NEW YORK — Toys R Us Inc., which filed plans to sell shares to the public in 2010, said Friday it’s withdrawing its plan as the company reported declining sales and profit last year.
The company, which was taken private in 2005 through a $6.6 billion buyout deal, blamed “unfavorable market conditions” and its recently announced “executive leadership transition,” for the decision, which it announced in a regulatory filing with the U.S. Securities and Exchange Commission. Chief Executive Gerald Storch, a former Target Corp. executive who has served as the toy retailer’s CEO since 2006, said last month he’s stepping down, even though he’ll remain as chairman.
The IPO withdrawal came as the company’s international profit last year was hurt by “challenging global economic conditions,” particularly in Europe and Japan, the company said Friday. Meanwhile, costs to refinance its debt also ate into profit.
The company’s fourth-quarter sales in its critical holiday quarter, which alone made up more than two-fifths of its total, dropped 2.6 percent to $5.77 billion.
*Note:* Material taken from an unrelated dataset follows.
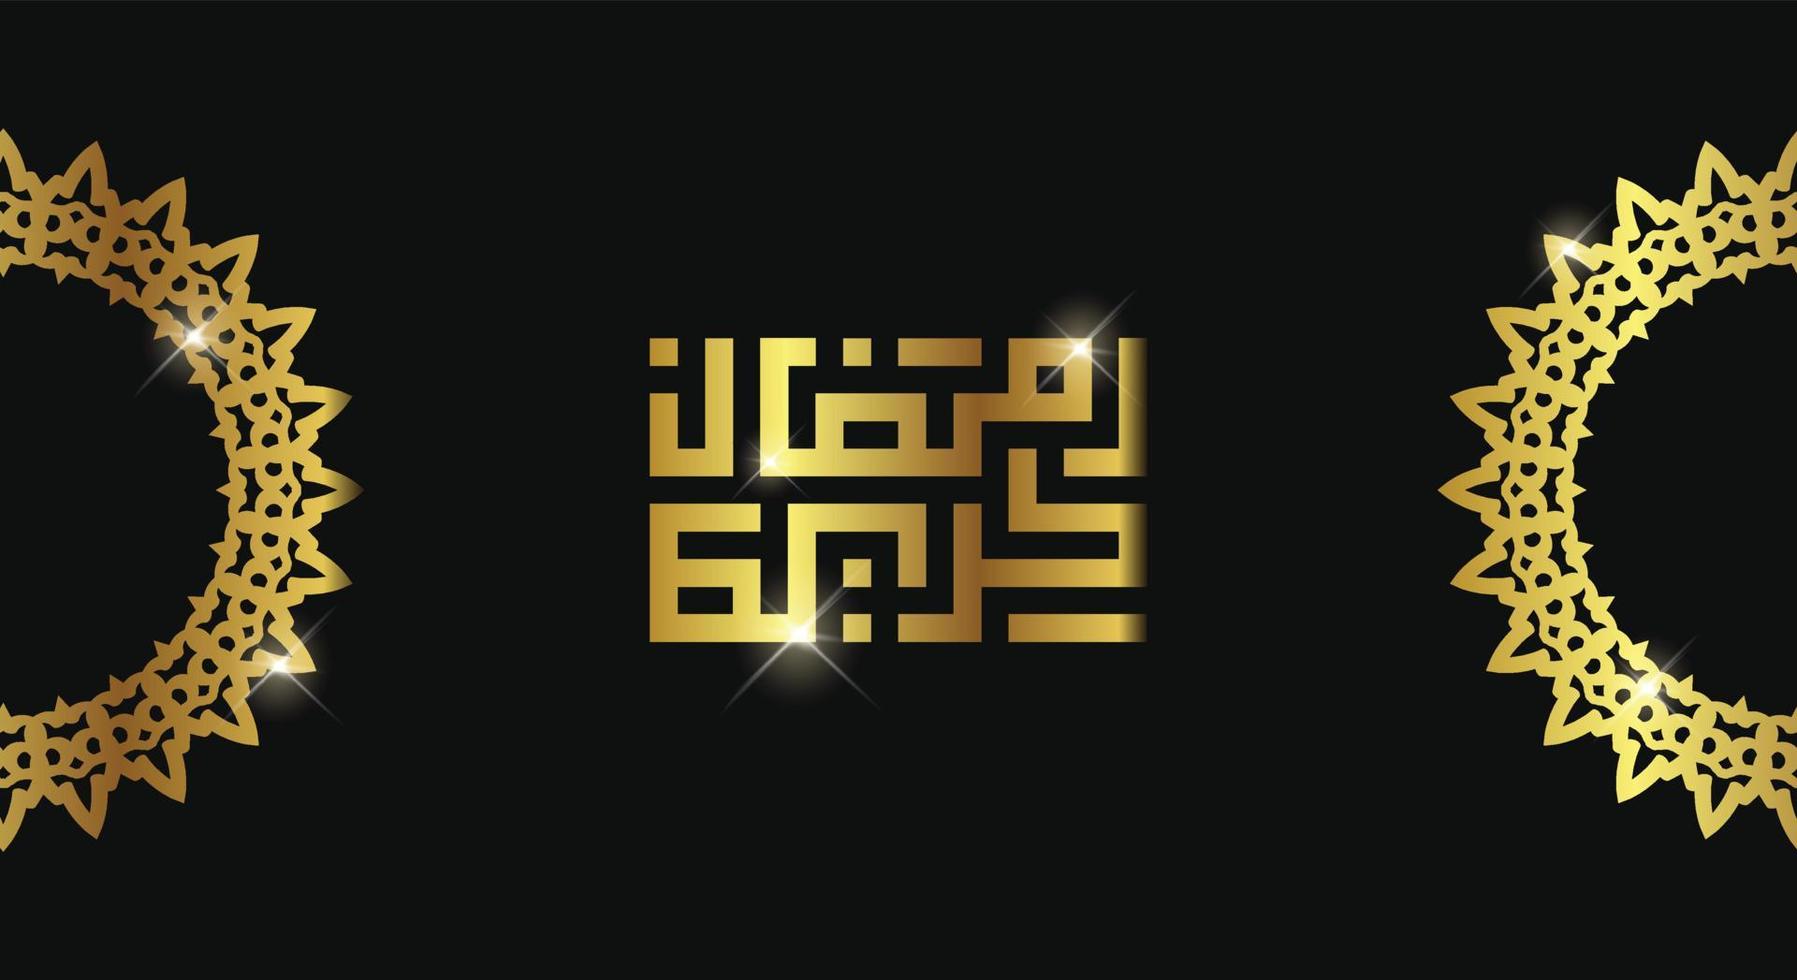 ramadan kareem arabische kalligraphie hintergrundvektorillustration vektor

Profit in the quarter ended Feb. 2 slumped 30 percent to $239 million as the company saw a 35 percent jump in interest expense.
Fourth-quarter comparable sales in the U.S. fell 4.5 percent, hurt by an 11 percent drop in demand for electronics, videogame consoles and software and other items in the company’s entertainment category.
Overseas same-store sales, which strip out results from new and closed stores, fell 5.4 percent.
While Storch has been praised for initiatives including making right inventory bets on popular toys, unveiling more exclusive products or touting its wide assortment at Toys R Us, the company is still weighed down by price competition from online retailers led by Amazon.com Inc. while larger brick-and-mortar retailers from Target Corp. and Wal-Mart Stores Inc. routinely use toys as the loss leaders to drive holiday traffic, analysts have said.